===== Record set
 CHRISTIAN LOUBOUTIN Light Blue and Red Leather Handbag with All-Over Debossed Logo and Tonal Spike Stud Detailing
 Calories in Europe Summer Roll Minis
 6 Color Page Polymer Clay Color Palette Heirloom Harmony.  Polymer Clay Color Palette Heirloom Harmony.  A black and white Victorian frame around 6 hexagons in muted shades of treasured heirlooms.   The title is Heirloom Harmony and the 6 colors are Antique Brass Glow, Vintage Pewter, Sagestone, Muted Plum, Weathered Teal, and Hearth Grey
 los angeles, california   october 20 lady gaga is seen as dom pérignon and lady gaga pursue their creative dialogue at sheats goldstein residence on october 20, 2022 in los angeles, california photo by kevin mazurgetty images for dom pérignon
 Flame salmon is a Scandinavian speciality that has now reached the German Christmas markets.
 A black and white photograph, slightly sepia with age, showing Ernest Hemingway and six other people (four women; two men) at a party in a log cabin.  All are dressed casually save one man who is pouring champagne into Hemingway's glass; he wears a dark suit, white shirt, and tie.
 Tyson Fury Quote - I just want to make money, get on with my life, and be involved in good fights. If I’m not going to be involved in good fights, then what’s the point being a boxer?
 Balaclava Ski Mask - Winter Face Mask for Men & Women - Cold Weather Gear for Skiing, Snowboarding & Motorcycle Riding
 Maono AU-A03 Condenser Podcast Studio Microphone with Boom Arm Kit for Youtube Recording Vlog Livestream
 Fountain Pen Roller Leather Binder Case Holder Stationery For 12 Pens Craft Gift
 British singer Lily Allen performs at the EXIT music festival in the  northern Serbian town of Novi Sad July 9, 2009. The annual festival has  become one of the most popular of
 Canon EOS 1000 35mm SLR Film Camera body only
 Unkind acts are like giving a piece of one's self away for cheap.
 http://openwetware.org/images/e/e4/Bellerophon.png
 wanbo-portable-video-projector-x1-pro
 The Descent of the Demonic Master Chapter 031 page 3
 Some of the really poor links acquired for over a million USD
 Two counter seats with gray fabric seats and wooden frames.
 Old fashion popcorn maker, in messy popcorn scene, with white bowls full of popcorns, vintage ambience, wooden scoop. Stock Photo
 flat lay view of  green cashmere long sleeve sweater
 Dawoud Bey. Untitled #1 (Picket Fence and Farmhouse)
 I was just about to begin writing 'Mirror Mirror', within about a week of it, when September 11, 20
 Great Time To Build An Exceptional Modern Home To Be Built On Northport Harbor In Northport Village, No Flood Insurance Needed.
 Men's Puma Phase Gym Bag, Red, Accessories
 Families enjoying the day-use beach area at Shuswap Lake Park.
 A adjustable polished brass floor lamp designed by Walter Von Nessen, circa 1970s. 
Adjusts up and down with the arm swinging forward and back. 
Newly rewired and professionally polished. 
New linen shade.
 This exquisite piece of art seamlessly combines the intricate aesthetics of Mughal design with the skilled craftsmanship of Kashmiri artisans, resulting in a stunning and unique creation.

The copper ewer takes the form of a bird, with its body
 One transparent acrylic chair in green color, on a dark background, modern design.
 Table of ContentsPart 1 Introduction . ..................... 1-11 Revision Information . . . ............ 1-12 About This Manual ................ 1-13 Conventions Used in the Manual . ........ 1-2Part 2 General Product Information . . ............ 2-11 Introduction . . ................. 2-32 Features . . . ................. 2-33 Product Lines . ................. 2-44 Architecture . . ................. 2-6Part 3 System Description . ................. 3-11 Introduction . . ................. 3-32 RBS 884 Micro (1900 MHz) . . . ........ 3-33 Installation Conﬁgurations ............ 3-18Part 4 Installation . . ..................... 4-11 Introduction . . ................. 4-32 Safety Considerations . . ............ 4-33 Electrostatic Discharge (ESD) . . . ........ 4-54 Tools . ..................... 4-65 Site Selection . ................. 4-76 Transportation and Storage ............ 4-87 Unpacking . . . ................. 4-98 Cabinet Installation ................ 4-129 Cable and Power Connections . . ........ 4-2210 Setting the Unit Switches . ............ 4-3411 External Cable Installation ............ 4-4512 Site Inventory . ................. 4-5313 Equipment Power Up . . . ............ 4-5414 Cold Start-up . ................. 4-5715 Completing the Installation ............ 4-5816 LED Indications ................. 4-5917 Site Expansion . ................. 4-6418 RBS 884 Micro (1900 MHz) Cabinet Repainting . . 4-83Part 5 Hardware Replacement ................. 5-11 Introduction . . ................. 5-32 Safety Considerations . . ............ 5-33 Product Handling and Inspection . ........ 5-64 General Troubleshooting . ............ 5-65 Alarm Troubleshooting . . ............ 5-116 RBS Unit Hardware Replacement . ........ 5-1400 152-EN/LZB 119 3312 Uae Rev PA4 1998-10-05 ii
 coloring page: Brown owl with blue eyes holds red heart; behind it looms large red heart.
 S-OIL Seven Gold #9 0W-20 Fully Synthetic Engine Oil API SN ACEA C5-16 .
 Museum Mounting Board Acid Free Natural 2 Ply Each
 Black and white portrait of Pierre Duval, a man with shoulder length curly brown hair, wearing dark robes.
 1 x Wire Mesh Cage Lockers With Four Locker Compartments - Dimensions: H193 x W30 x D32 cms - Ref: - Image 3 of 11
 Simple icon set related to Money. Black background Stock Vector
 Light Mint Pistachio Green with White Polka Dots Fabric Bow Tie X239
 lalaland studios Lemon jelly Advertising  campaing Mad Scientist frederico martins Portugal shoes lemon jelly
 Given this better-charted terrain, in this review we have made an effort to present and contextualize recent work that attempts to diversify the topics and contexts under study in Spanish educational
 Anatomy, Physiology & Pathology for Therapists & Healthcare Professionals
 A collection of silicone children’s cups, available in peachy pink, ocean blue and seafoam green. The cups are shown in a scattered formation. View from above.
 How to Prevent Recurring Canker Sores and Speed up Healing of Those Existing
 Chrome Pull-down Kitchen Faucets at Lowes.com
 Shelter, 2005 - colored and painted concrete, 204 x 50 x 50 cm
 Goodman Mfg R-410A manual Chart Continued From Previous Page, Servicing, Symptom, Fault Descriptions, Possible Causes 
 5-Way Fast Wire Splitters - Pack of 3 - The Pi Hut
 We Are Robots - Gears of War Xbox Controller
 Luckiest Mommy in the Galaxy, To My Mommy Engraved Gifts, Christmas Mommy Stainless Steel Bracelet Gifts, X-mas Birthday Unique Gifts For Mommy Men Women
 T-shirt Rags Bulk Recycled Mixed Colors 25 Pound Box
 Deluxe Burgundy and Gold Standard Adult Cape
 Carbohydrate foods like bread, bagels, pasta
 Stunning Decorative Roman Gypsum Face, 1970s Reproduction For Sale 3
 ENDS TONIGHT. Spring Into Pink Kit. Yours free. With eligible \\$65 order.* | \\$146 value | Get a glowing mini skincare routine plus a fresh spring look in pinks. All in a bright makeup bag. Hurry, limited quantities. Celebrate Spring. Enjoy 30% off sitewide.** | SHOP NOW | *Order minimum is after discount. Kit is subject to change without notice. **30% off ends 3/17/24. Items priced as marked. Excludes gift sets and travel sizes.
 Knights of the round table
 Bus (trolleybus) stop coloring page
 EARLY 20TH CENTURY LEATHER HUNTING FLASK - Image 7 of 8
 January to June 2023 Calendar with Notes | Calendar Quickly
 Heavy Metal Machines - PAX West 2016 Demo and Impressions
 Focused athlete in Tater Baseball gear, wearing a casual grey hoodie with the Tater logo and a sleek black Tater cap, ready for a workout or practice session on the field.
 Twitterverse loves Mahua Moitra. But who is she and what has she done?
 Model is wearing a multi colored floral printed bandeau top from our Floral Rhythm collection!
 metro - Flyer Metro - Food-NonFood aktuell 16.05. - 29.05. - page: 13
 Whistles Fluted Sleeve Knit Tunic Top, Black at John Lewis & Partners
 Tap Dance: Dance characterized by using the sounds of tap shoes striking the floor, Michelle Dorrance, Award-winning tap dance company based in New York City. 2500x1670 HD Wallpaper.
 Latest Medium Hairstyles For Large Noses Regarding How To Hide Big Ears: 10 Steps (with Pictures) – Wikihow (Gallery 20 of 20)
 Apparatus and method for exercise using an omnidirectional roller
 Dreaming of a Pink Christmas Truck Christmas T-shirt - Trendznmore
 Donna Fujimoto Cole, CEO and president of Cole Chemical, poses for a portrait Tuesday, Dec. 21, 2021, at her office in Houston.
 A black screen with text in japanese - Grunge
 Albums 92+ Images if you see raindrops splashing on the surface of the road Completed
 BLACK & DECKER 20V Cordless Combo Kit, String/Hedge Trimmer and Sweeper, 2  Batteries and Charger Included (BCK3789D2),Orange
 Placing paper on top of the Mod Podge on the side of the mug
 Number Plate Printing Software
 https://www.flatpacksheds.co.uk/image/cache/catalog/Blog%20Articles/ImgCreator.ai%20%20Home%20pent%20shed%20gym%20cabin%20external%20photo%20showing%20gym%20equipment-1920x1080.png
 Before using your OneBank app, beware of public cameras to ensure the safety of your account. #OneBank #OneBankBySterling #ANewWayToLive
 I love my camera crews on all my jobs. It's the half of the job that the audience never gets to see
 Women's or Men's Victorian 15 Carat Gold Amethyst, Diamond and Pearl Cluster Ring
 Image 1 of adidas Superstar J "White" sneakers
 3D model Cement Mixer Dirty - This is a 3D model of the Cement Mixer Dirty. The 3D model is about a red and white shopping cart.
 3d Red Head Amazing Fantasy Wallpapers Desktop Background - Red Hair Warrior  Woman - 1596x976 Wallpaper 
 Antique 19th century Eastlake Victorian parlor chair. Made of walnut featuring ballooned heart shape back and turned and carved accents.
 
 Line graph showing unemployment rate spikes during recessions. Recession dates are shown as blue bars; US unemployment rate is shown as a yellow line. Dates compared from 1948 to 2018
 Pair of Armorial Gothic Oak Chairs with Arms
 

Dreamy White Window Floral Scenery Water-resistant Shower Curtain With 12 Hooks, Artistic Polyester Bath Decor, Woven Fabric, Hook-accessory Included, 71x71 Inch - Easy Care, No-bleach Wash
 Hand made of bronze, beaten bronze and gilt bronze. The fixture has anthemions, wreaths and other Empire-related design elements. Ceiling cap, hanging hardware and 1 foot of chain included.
==========
▶ _Required action_:
Copy the records above exactly, beginning at the line that contains "Calories in Europe Summer Roll Minis" and stopping after the line that contains "6 Color Page".

▶ _Response area_:
 Calories in Europe Summer Roll Minis
 6 Color Page Polymer Clay Color Palette Heirloom Harmony.  Polymer Clay Color Palette Heirloom Harmony.  A black and white Victorian frame around 6 hexagons in muted shades of treasured heirlooms.   The title is Heirloom Harmony and the 6 colors are Antique Brass Glow, Vintage Pewter, Sagestone, Muted Plum, Weathered Teal, and Hearth Grey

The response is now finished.